Here, De La Paz has not alleged that Bayer ever deviated from the approved training as to Essure; however, she alleges that Bayer also trained physicians in the use of hysteroscopic equipment, which equipment was never part of the premark-et approval procedure for Essure. Indeed, she alleges that Bayer’s website warned physicians, “[i]n order to be trained in Essure you must be a skilled operative hysteroscopist” (Amd. Compl. ¶¶ 50-70, 84-86, 91(j)). Bayer’s training materials did not include a training manual for hysteroscopic equipment, the materials approved by the FDA only mentioned hyste-roscopes in passing as equipment necessary for the Essure implant procedure.5
De La Paz may seek leave to amend her complaint to include a claim for negligent training to the extent the claim relates to training physicians to use hysteroscopic equipment or to the extent it alleges that Bayer deviated from the training materials for Essure. approved by the FDA. The proposed claim must also plausibly allege a causal link between any alleged negligence in training and De La Paz’s injuries.

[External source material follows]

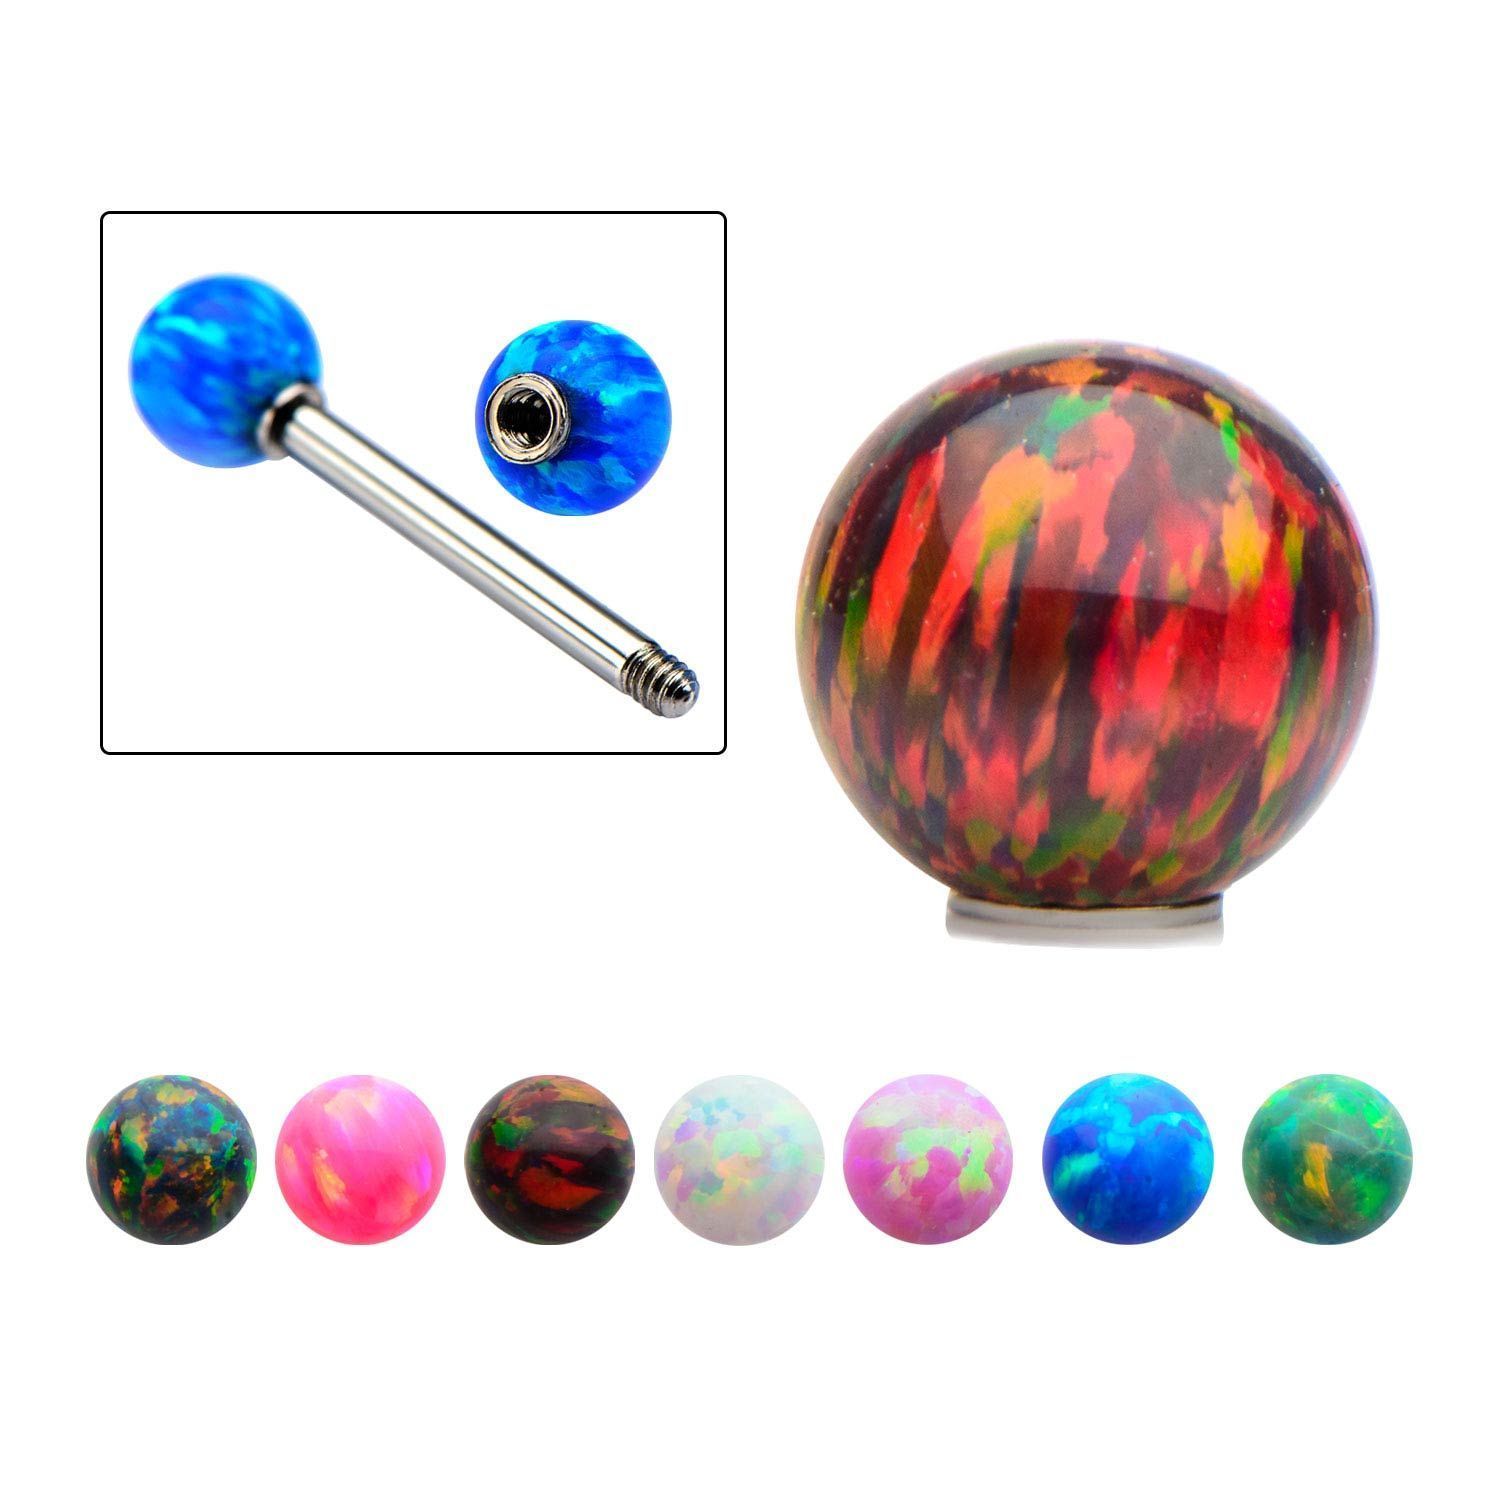 Body Jewelry Parts Synthetic Opal Replacement Threaded Ball. sbvtb35op -Rebel Bod-RebelBod

5. Failure-to-Warn-the-FDA Claim.
De La Paz’s fourth claim is for failure to warn the FDA of adverse events, and her fifth claim is for strict liability for, inter alia, failure to warn. The FDA requires device manufacturers to report any time its device “may have caused or contributed to a death or serious injury....” 21 C.F.R. § 803.50(a). As stated, our court of appeals has recognized that a claim based on the failure to warn the FDA of adverse events is not preempted to the extent state tort [1097]*1097law recognizes a parallel duty (although a claim based on a failure to warn physicians or patients of adverse events would be preempted). Stengel, 704 F.3d at 1234. California law recognizes such a duty. Coleman, 223 Cal.App.4th at 429, 167 Cal.Rptr.3d 300. To state a failure-to-warn claim under California law, De La Paz “will ultimately have to prove that if [Bayer] had properly reported the adverse events to the FDA as required under federal law, that information would have reached [her] doctors in time to prevent [her] injuries.” Id. at 429-30, 167 Cal.Rptr.3d 300 (quoting Stengel, 704 F.3d at 1234).
Here, De La Paz alleges that Bayer failed to report eight incidents of perforations of patients’ fallopian tubes caused by Essure to the FDA, thereby breaching the state law duty to warn the FDA (Amd. Compl. ¶ 44(c)). De La Paz alleges that if she had known of these adverse events, “she never would have had Essure implanted” (Amd. Compl. ¶ 18). Nevertheless, she has pled no facts that plausibly indicate that she or her physician would have become aware of these adverse events if Bayer had timely reported them to the FDA.
In fact, the FDA already required Bayer to warn physicians and patients about the possibility of perforations. Moreover, although the Form 483 did not indicate when the unreported perforations occurred, it did establish that the FDA became aware of these adverse, events more than a year before De La Paz underwent the procedure and informed Bayer of its failure to properly report those events (Defs.’ Supp. Request for Judicial Notice, Exh. C at 1; Amd. Compl. ¶ 44(c)). The FDA did not require Bayer to take any action to further warn physicians or patients of the possibility of perforations, beyond the warnings already in place.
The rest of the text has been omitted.